The Fear of Looking Foolish

20/3/2013 |

When it comes to getting things done, never underestimate the power of what I call ‘the fear of looking foolish‘.

Clowning ball
Image by Wendy Candela

Perfectly intelligent, reasonable people get caught up in wanting to present an image of success at all times to impress their bosses, colleagues and peers. They lie because they haven’t had time to do the reading required, so blag their way through meetings rather than simply own up, having a more intelligent conversation as a result. In fact, in our minds, far more important than a productive project is maintaining your credibility and avoiding looking foolish!
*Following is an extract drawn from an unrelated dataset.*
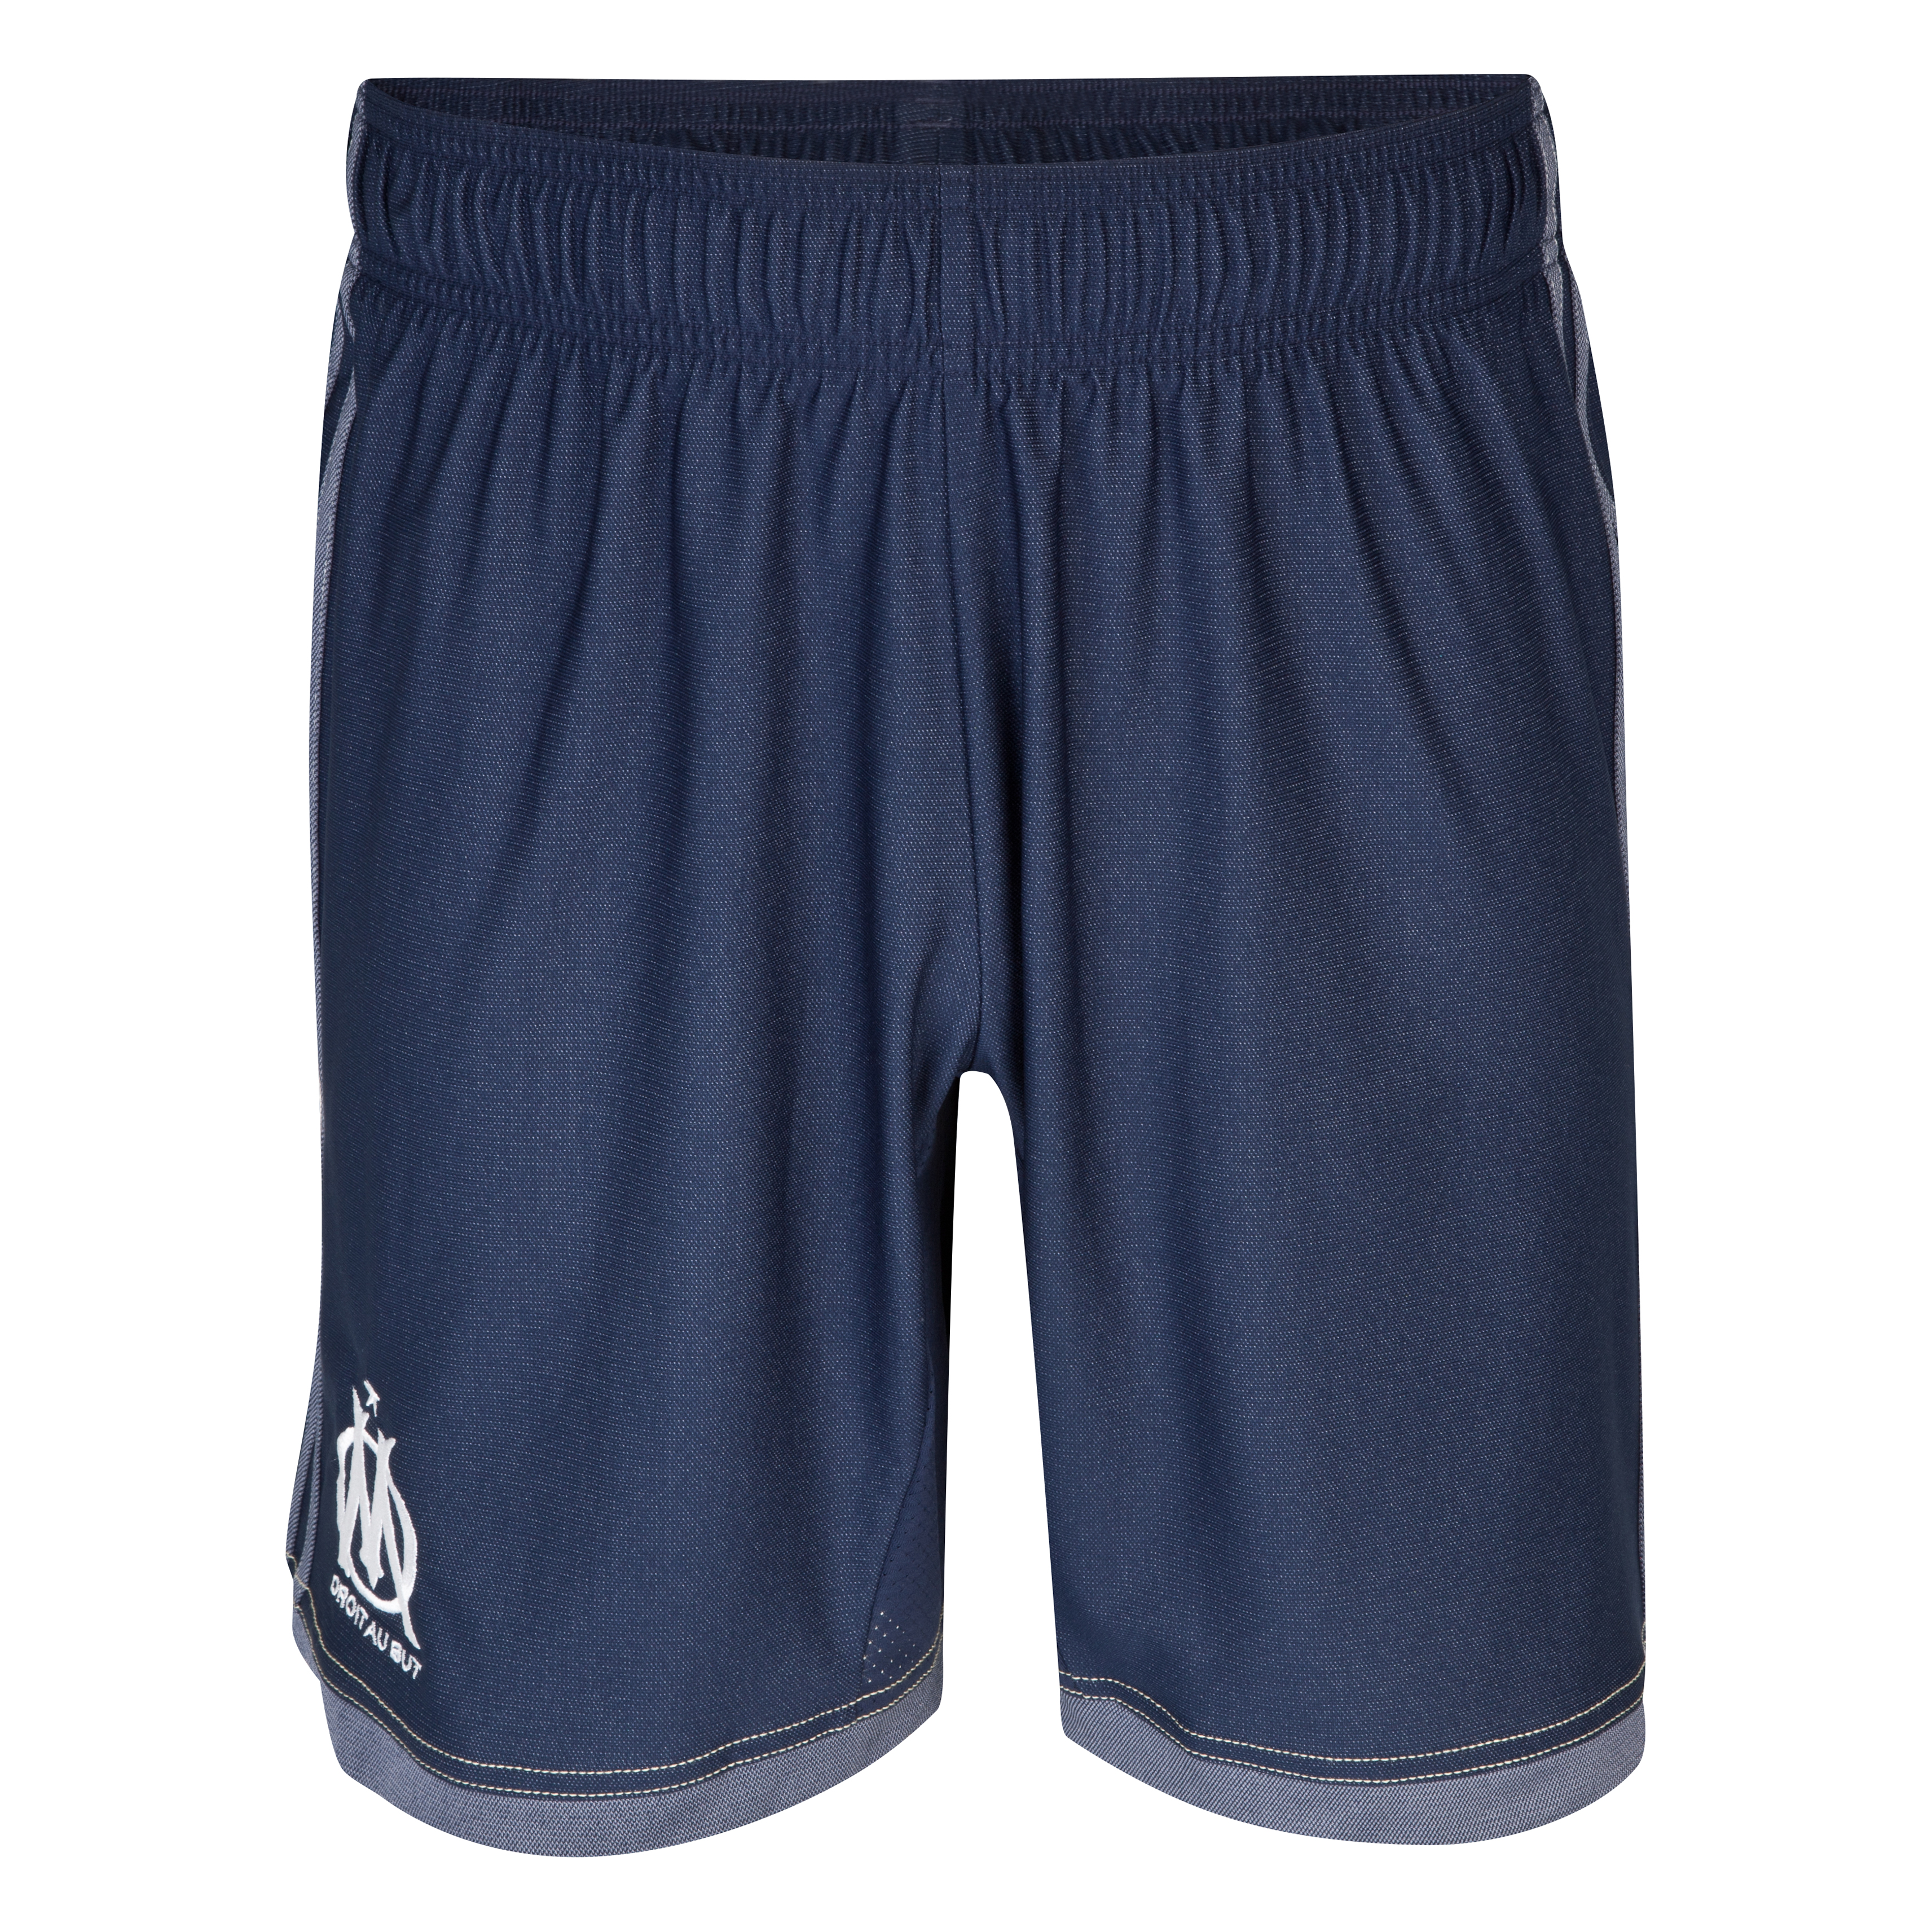 Olympique de Marseille Away Shorts 2013/14 - Mens Lt Blue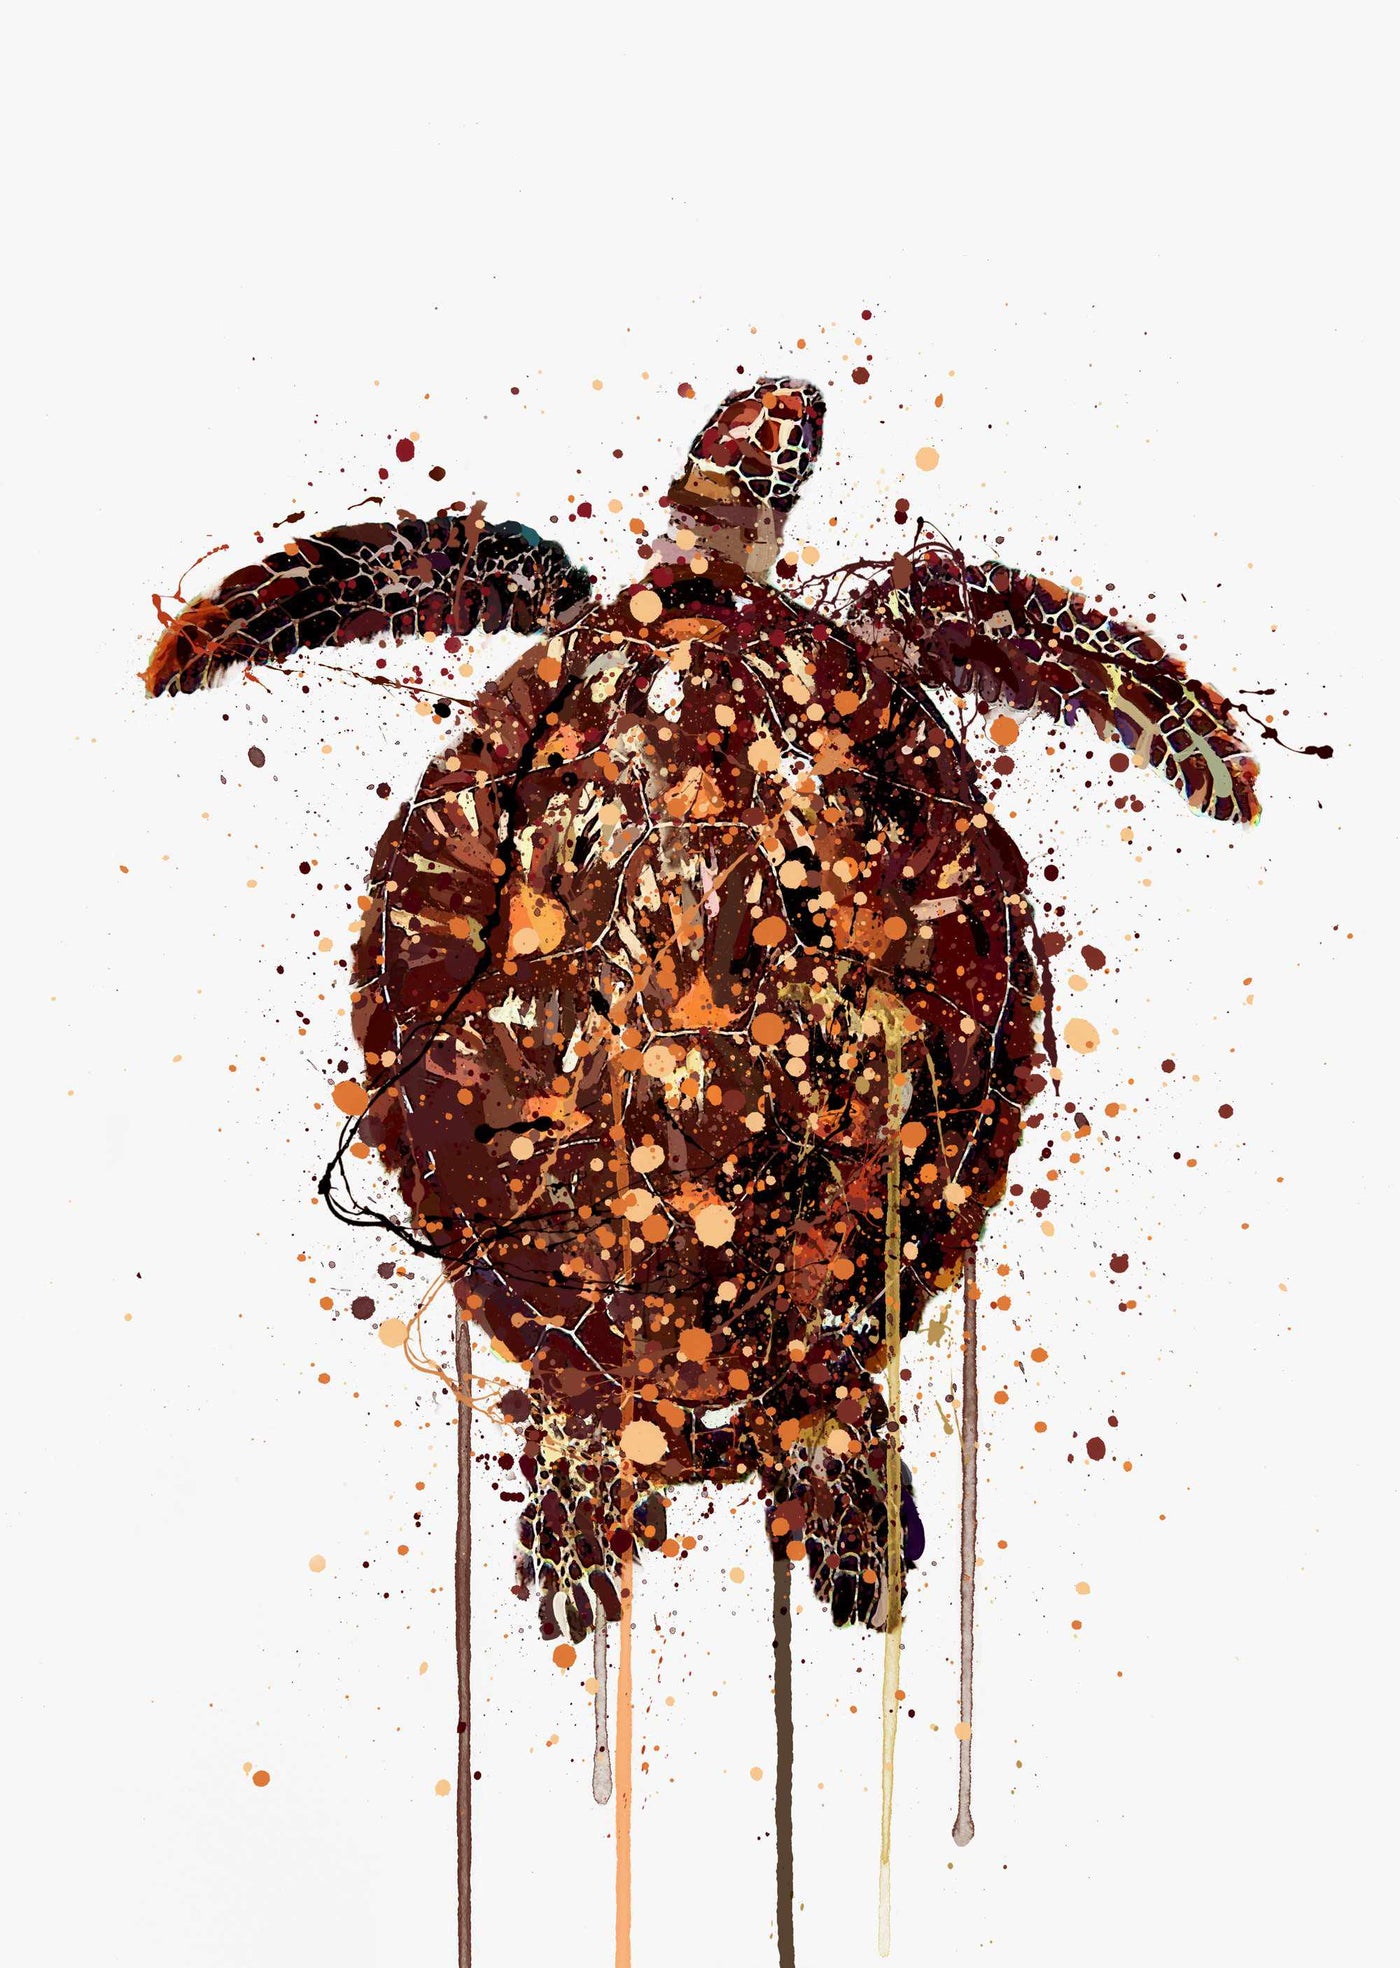 Sea Creature Wall Art Print 'Turtle'-We Love Prints

No one wants to be seen to take their eye off the ball for even a moment but as a society we stifle so much creativity and innovation by our unhelpful aversion to embracing any form of failure.

We don’t learn from our failures often enough for this very reason.

Things Go Wrong

Life happens, things go badly and not everything we touch turns to gold. Humans make mistakes, but no one wants to look like a human being at work. We want to look like the most promote-able, successful, and unnervingly perfect projection of our real selves. It’s a system that feeds itself: because we’re so unwilling to change the rules as a culture, individuals are forced to play by these rules or else lose the wider game. Even if we know that everyone occasionally screws up.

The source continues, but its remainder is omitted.